PROBLEM STATEMENT>
Restate the listing below exactly, images excluded.

[[ GIVEN DATA, beginning ]]

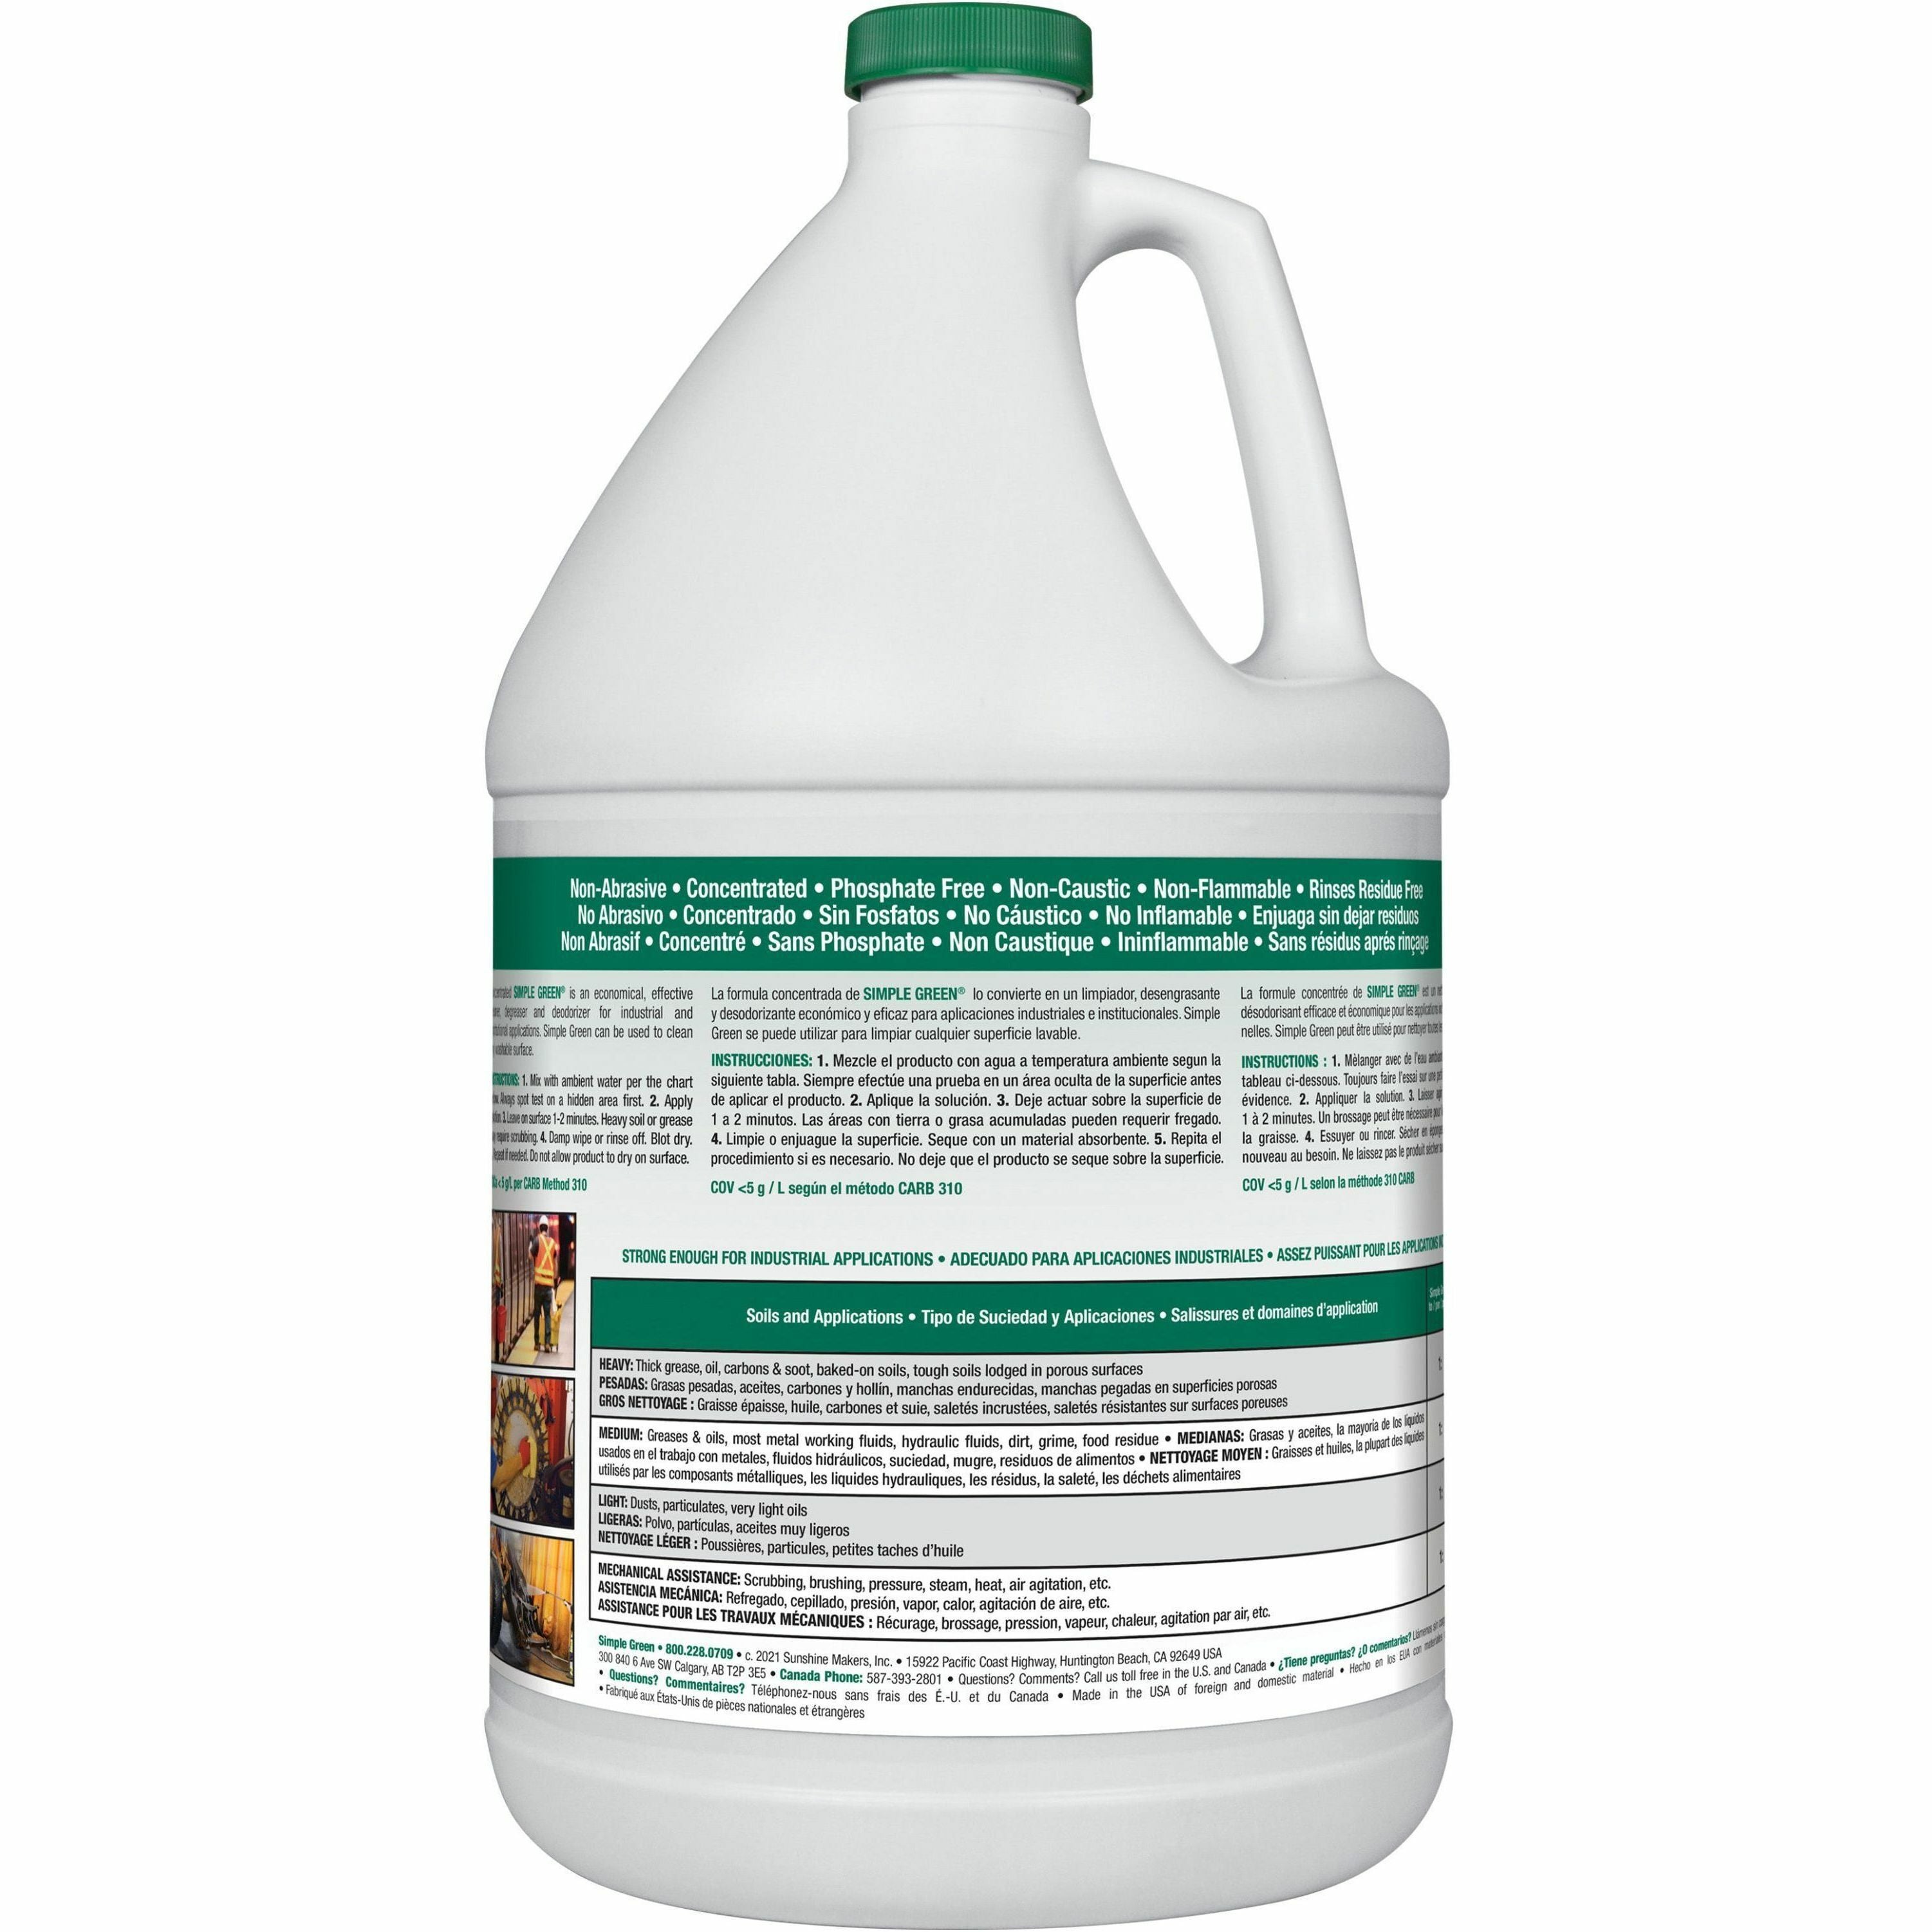 simple-green-industrial-cleaner-degreaser-concentrate-128-fl-oz-4-quart-original-scent-168-pallet-non-toxic-non-abrasive-non-corrosive-residue-free-non-flammable-white_smp13005pl - 2
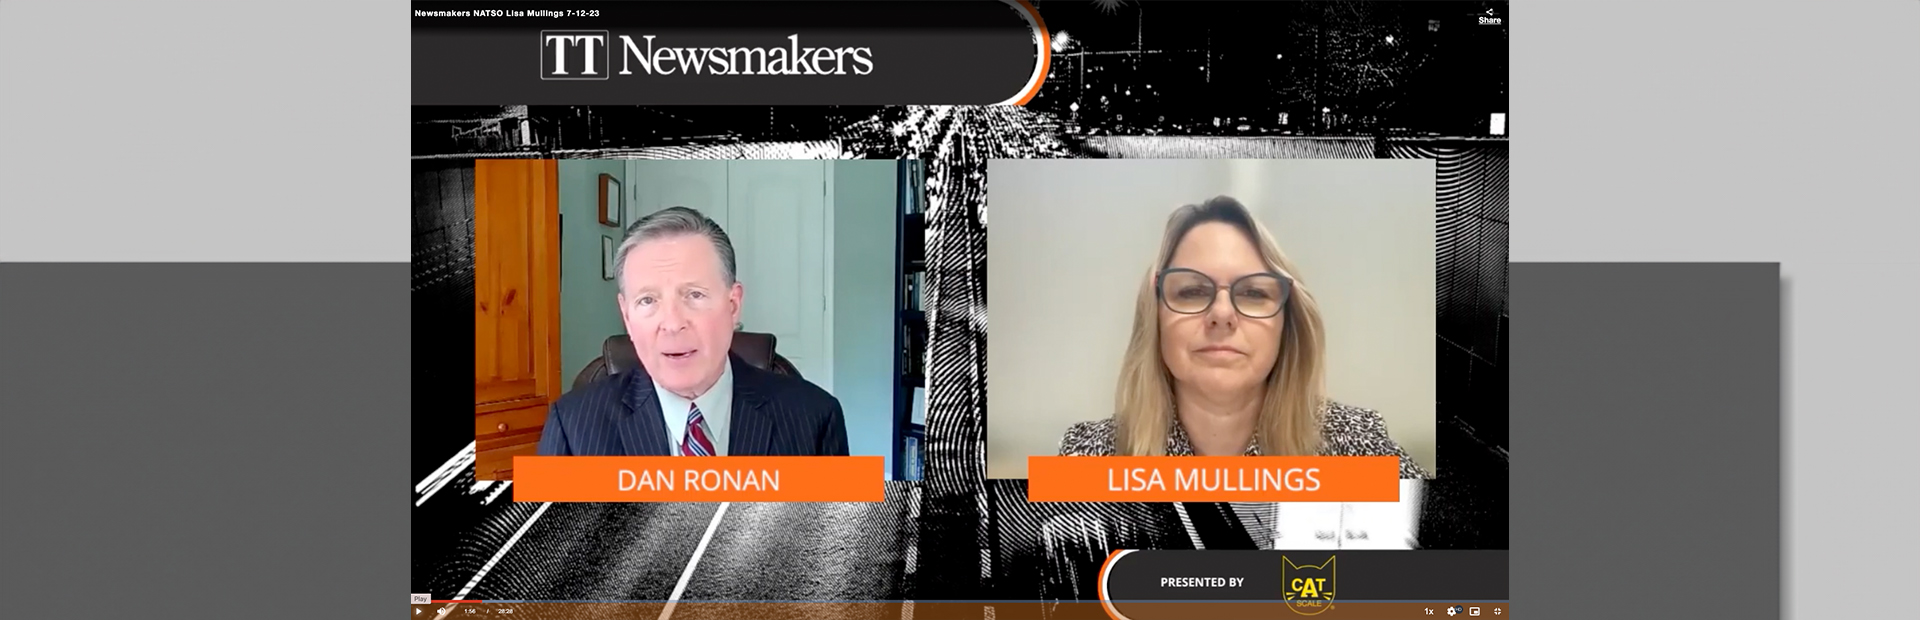 View an appearance on TT Newsmakers by NATSO CEO, Lisa Mullings
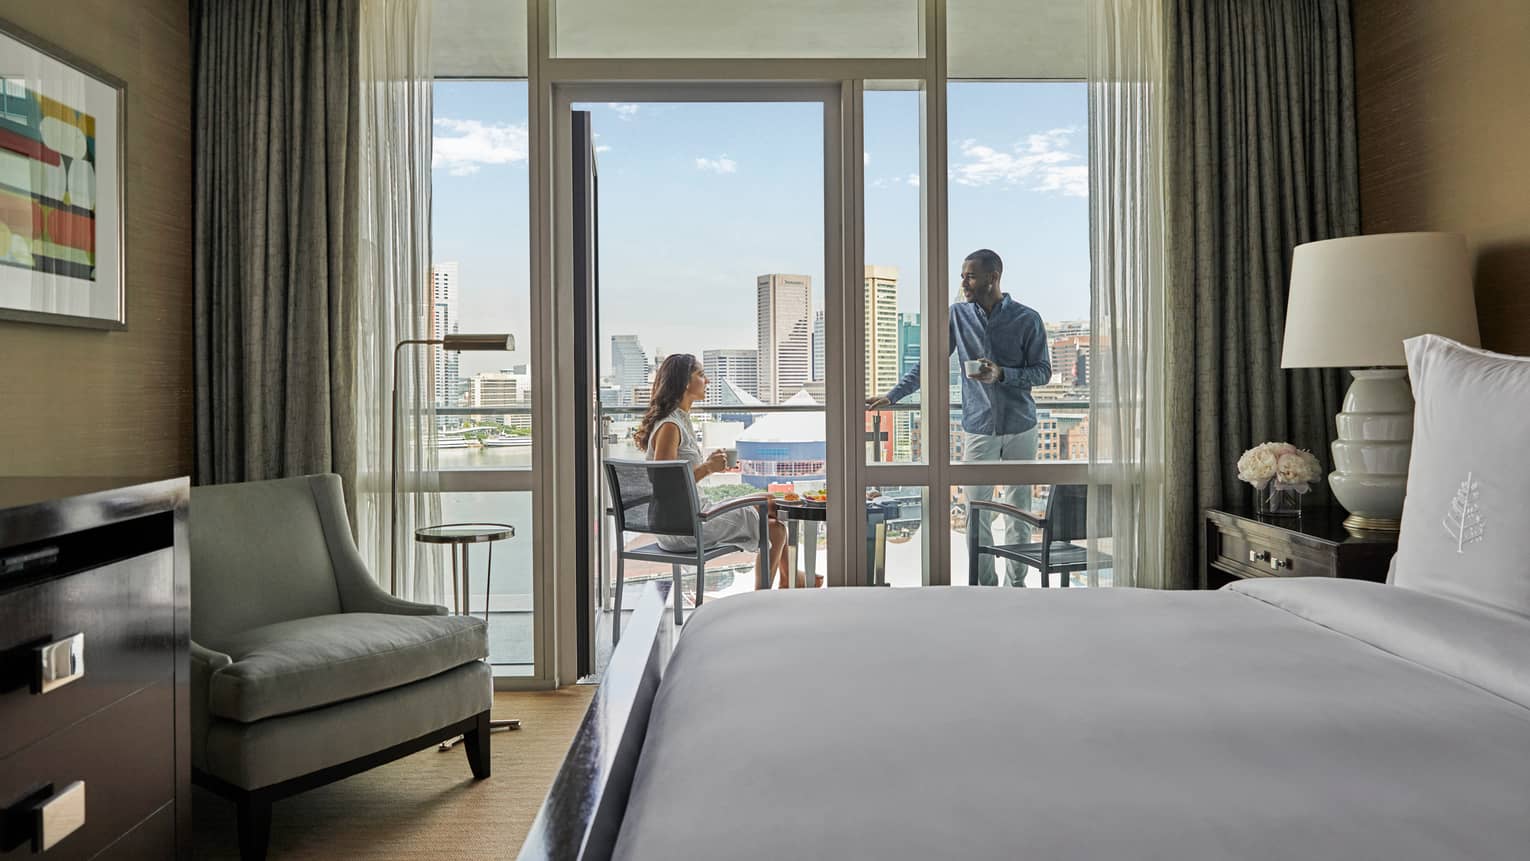 Hotel room with king bed, light grey arm chair, opening to outdoor balcony with two people talking
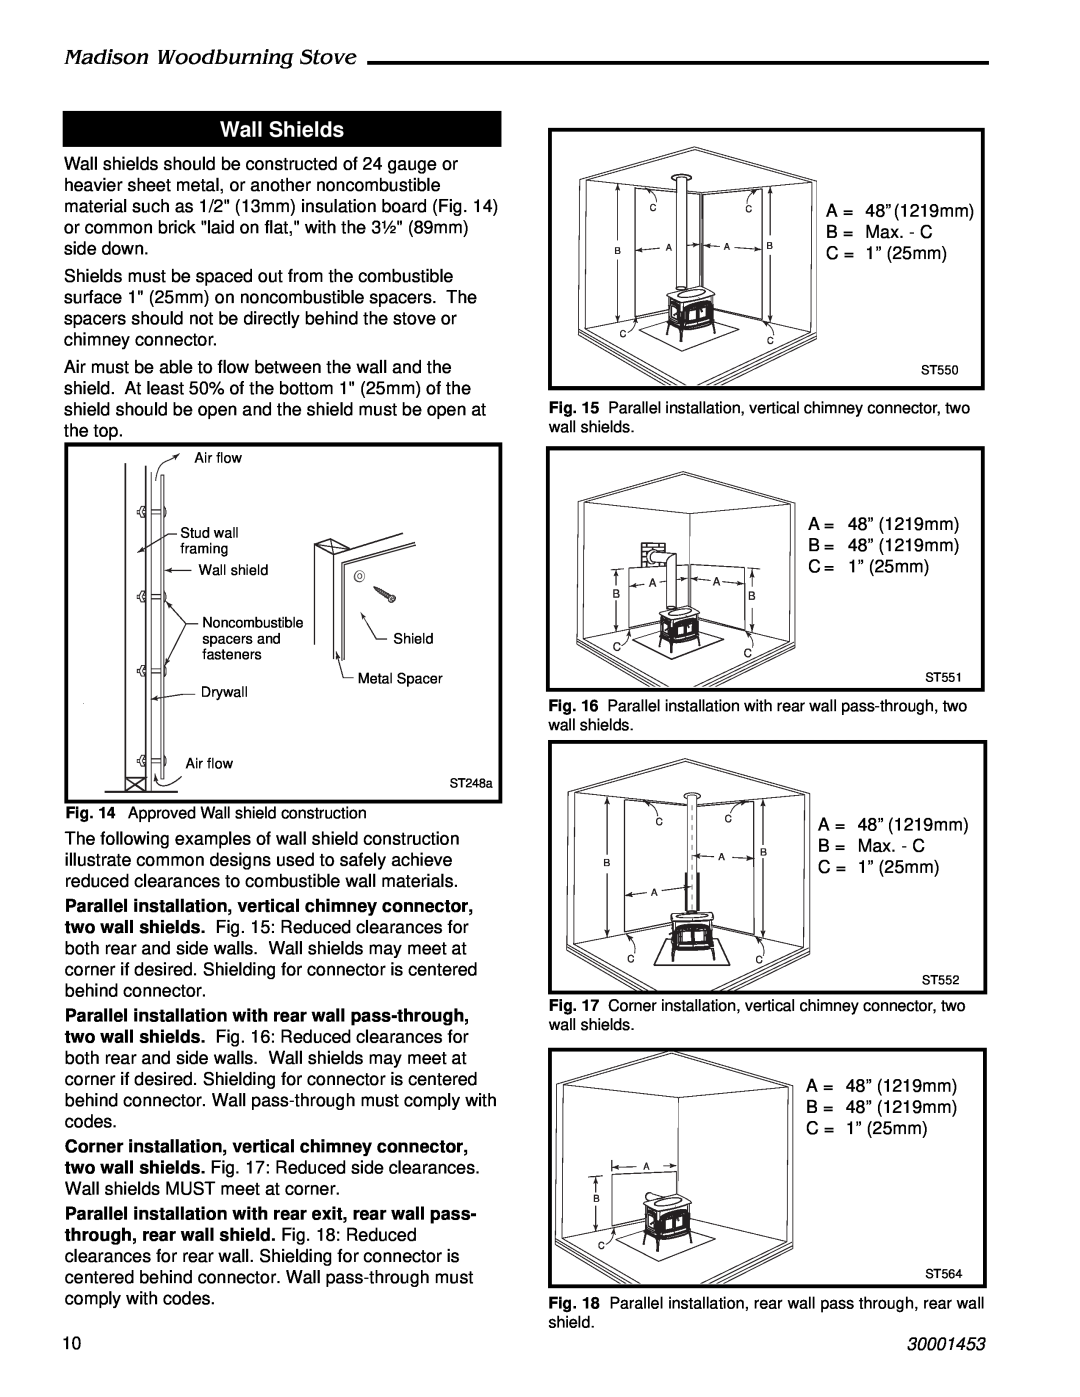 Vermont Casting 410 installation instructions Wall Shields, Madison Woodburning Stove, 30001453

[[ GIVEN DATA, end ]]

WRITTEN SOLUTION>
 simple-green-industrial-cleaner-degreaser-concentrate-128-fl-oz-4-quart-original-scent-168-pallet-non-toxic-non-abrasive-non-corrosive-residue-free-non-flammable-white_smp13005pl - 2
 View an appearance on TT Newsmakers by NATSO CEO, Lisa Mullings
 Hotel room with king bed, light grey arm chair, opening to outdoor balcony with two people talking
 Vermont Casting 410 installation instructions Wall Shields, Madison Woodburning Stove, 30001453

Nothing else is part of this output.